The agency noted that the ratings of AVLA Re reflect its balance sheet strength, which AM Best assesses as very strong.
AM Best also cited the organisation’s adequate operating performance, limited business profile and appropriate enterprise risk management (ERM).
It’s important to highlight, that the company is ultimately owned by AVLA Bermuda Holding Corp Ltd. (ABHC), a financial holding company based in Bermuda, which is heavily engaged in insurance operations in Chile, Peru, Mexico and Brazil.
AVLA Re is considered a new company as it began its operations in January 2022, under a Class 3A insurer license in Bermuda.
In addition, AVLA Re currently reinsures business from other ABHC subsidiaries, in Chile, Peru, Mexico and Brazil. However, the company currently has plans in place for the medium to long term to reinsure premiums from third parties.
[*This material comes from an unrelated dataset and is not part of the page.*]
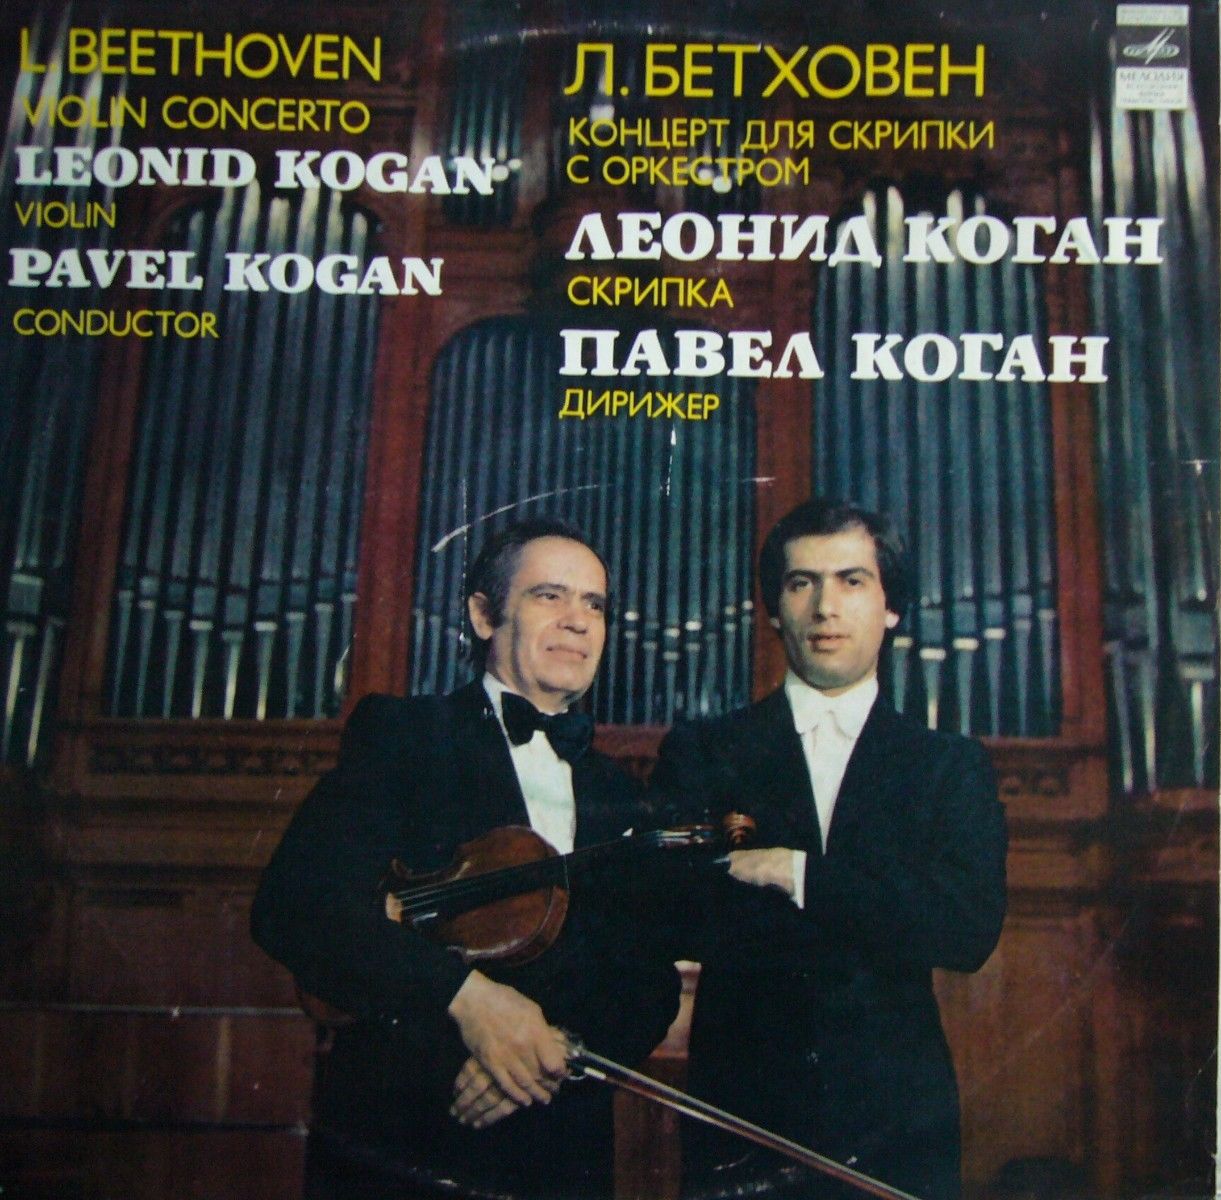 Л. БЕТХОВЕН (1770-1827): Концерт для скрипки с оркестром ре мажор, соч. 61 (Л. Коган, П. Коган)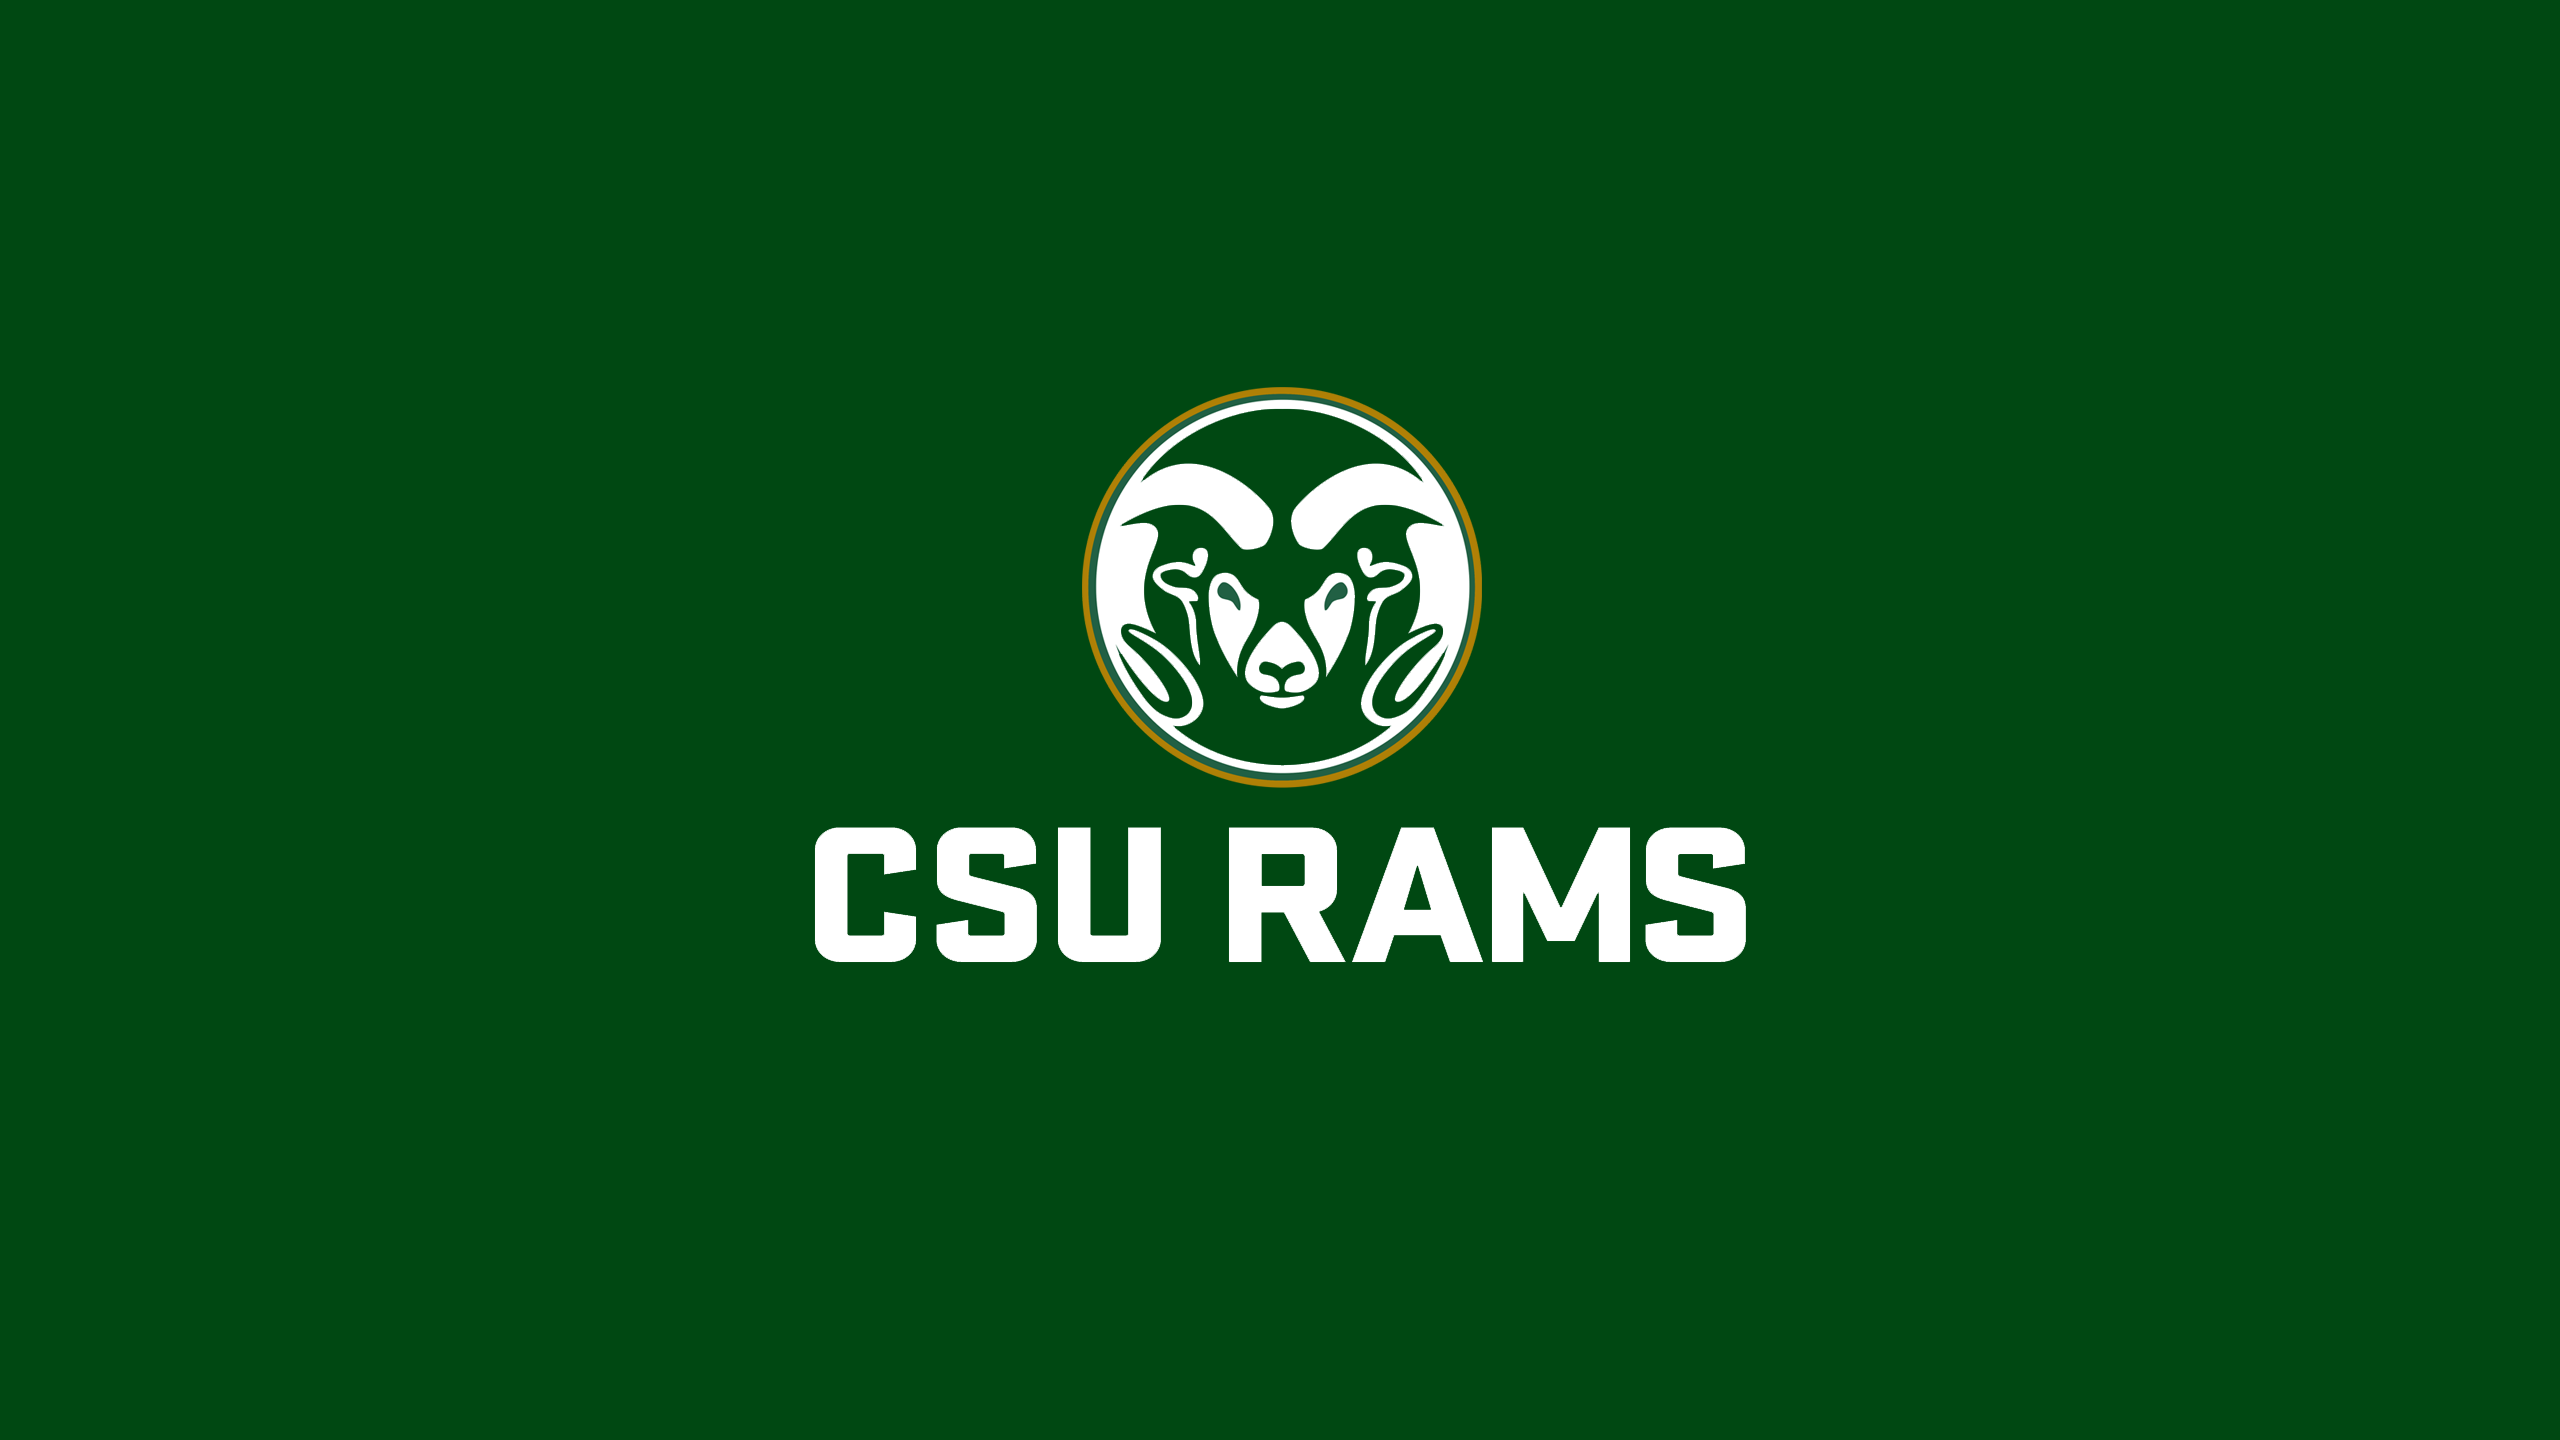 Colorado State Rams Basketball - NCAAB - Square Bettor

AM Best noted that the company’s balance sheet strength is considered very strong.
As well as this, AVLA Re has received two capital infusions from its holding company since its creation.
AM Best stated that it will monitor any capital flows to and from the company to continue assessing the strength of its balance sheet.
The agency also explained that the stable outlooks reflect their expectations that AVLA Re will meet its business objectives in terms of operating metrics and capitalisation.
However, AM Best added that negative rating actions could occur if AVLA Re’s capital base were to erode due to substantial capital base deterioration or sustained unfavorable operating results.
Additionally, negative rating actions could also potentially occur should AVLA Re’s importance to the group’s strategy lessens in AM Best’s opinion.
Lastly, the agency explained that positive rating actions are not likely to occur in the short to medium term, but in the long term, they could be driven by a steady, upward trend in operating results, which in turn, will strengthen its capital base.